Il y a des nuits qui basculent dans l’Histoire, et d’autres qui entrent dans la légende ou dans la guerre des récits. Celle du 2 au 3 janvier appartient, à n’en pas douter, à cette seconde catégorie. Washington affirme avoir arraché Nicolás Maduro au cœur du pouvoir vénézuélien lors d’une opération éclair baptisée Absolute Resolve. Cinq heures d’action, des mois de préparation, et un message brutal adressé au monde : nul n’est hors de portée.
Ce que l’on sait ou plutôt ce que les États-Unis disent a été déroulé avec un luxe de détails samedi, lors d’une conférence de presse en Floride. À la tribune, le général Dan Caine, chef d’état-major américain, aux côtés d’un Donald Trump visiblement décidé à marquer l’événement d’un sceau spectaculaire.
La longue traque
Selon le récit officiel, Absolute Resolve n’est pas une improvisation musclée, mais l’aboutissement d’un patient travail d’orfèvre. Depuis le mois d’août, les services américains auraient disséqué le quotidien du président vénézuélien : ses déplacements, ses habitudes, ses refuges, jusqu’à son alimentation et à ses animaux domestiques. Un « pattern de vie », disent-ils, reconstitué grâce à des drones furtifs, une surveillance permanente du ciel vénézuélien et l’appui discret d’une source humaine proche du pouvoir.
Pendant ce temps, loin de Caracas, des unités d’élite, dont la redoutée Delta Force, répétaient l’assaut sur une réplique exacte de la résidence présidentielle. Une mise en scène millimétrée, comme si la réalité devait d’abord être vaincue en laboratoire.
Attendre le bon ciel
Tout était prêt dès décembre. Mais la guerre moderne, même ultra-technologique, reste soumise à un tyran ancestral : la météo. Nuages bas, vents capricieux, opérations parallèles en Syrie… L’ordre d’exécution a été différé, encore et encore. Jusqu’à ce vendredi 3 janvier au soir, où, selon le général Caine, « les conditions se sont alignées ».
À 22h46, heure de Washington, Donald Trump donne le feu vert. Plus de 150 appareils s’ébranlent depuis une vingtaine de bases dans l’hémisphère occidental. Chasseurs F-35 et F-22, bombardiers B-1, drones, hélicoptères, avions de renseignement : la panoplie complète de la puissance américaine. Les hélicoptères rasent la mer à moins de cinquante mètres pour échapper aux radars. Le Venezuela ne voit rien venir.
Caracas dans le noir
À l’approche des côtes, les défenses aériennes sont neutralisées. Caracas s’enfonce partiellement dans l’obscurité, victime d’opérations cybernétiques et électroniques. Peu avant deux heures du matin, les premières explosions retentissent. Des frappes ciblées, notamment autour de la base aérienne de La Carlota, créent un chaos calculé.

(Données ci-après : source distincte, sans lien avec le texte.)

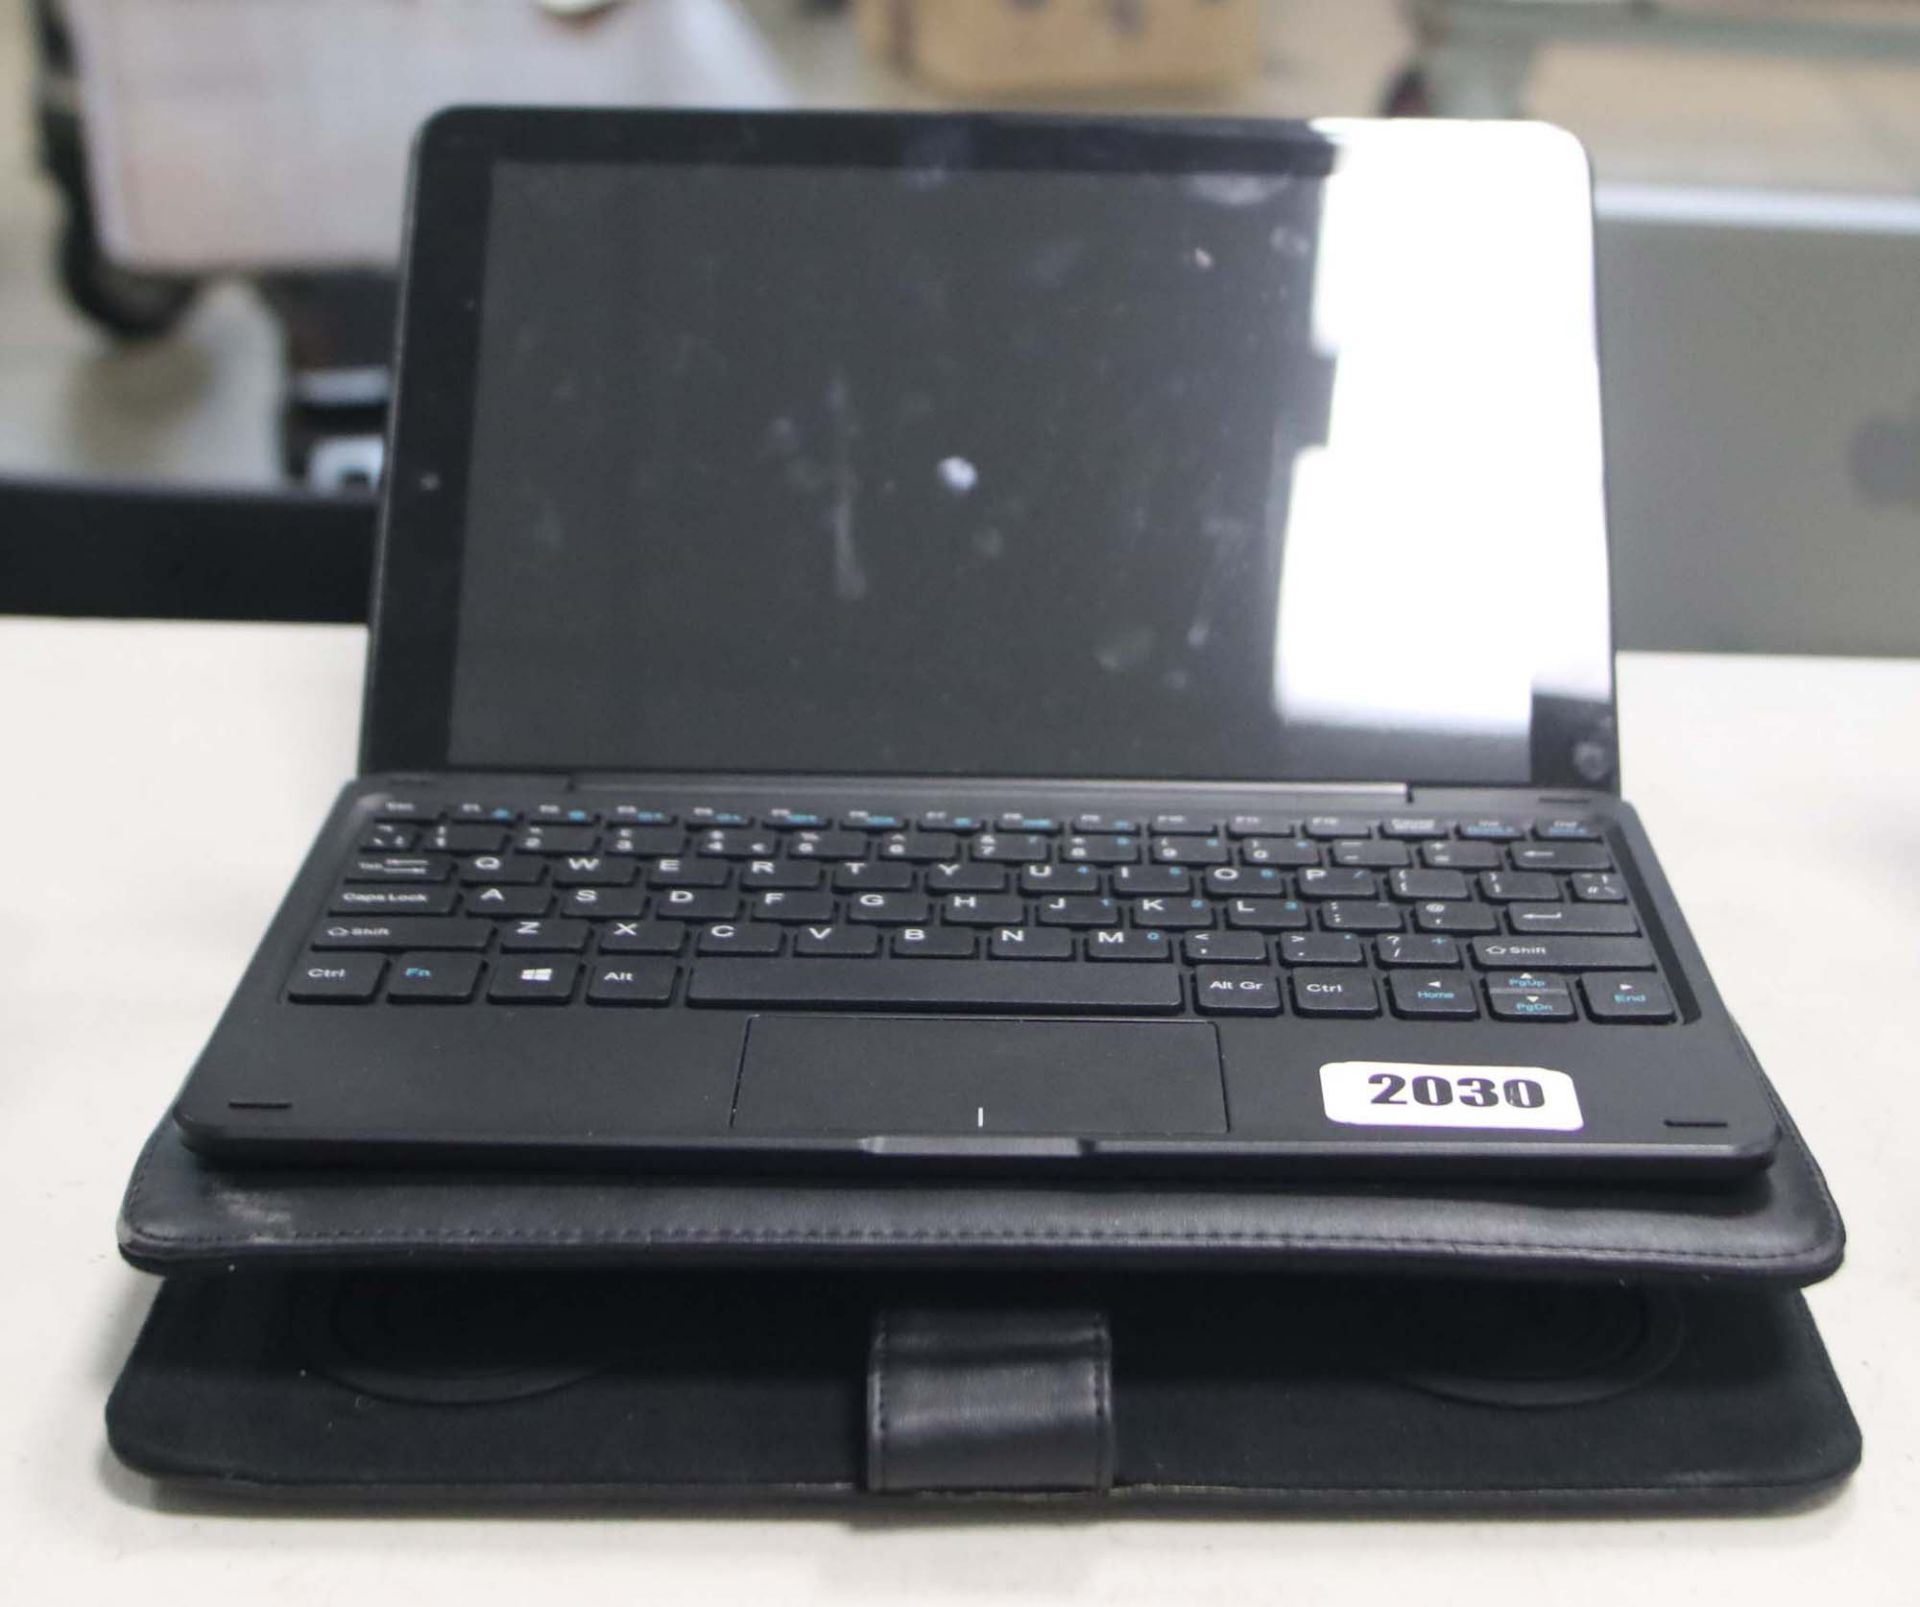 2211 - Lynix 1010B tablet 1.1 unit with attachable keyboard, Intel Atom processor, 2gb ram, 32gb

« Une diversion redoutablement efficace », analyse Guillaume Ancel, ancien officier français. Dans cette confusion, l’essentiel se joue ailleurs : l’approche silencieuse de la cible.
L’instant décisif
À 1h01, heure de Washington, les hélicoptères se posent à proximité du lieu où Nicolás Maduro et son épouse, Cilia Flores, auraient été localisés. Des échanges de tirs éclatent, un appareil est endommagé, mais l’assaut progresse. Selon Donald Trump, le président vénézuélien tente de gagner une « safe room », une forteresse d’acier… trop tard.
Le couple se rend. Sans résistance, affirme Washington. « Tous deux inculpés », précise le général Caine, ils sont placés en détention par le ministère américain de la Justice. Le verbe est juridique, l’acte est militaire.
Sortie sous haute tension
L’exfiltration est immédiate, nerveuse. Avions de combat et drones armés couvrent le retrait. Des engagements d’autodéfense sont signalés. À 3h29, Nicolás Maduro et son épouse sont à bord de l’USS Iwo Jima, au large des côtes vénézuéliennes.
À 4h21, Donald Trump officialise l’opération sur Truth Social. Quelques heures plus tard, une image choc circule : Nicolás Maduro, menotté, yeux bandés, casque antibruit sur la tête. Une photo pensée comme un symbole.
Un récit qui interroge
Reste une question, lourde comme une ombre : où s’arrête le fait, où commence le récit politique ? Absolute Resolve, au-delà de sa dimension militaire revendiquée, est aussi une démonstration de force narrative. Une manière de dire que le droit, la souveraineté et les frontières peuvent être suspendus par la volonté d’une superpuissance.
Qu’on y voie un coup de maître stratégique ou un précédent dangereux, une chose est sûre : cette nuit-là, réelle ou racontée, le monde a été invité à écouter le bruissement inquiétant des bottes dans l’ombre.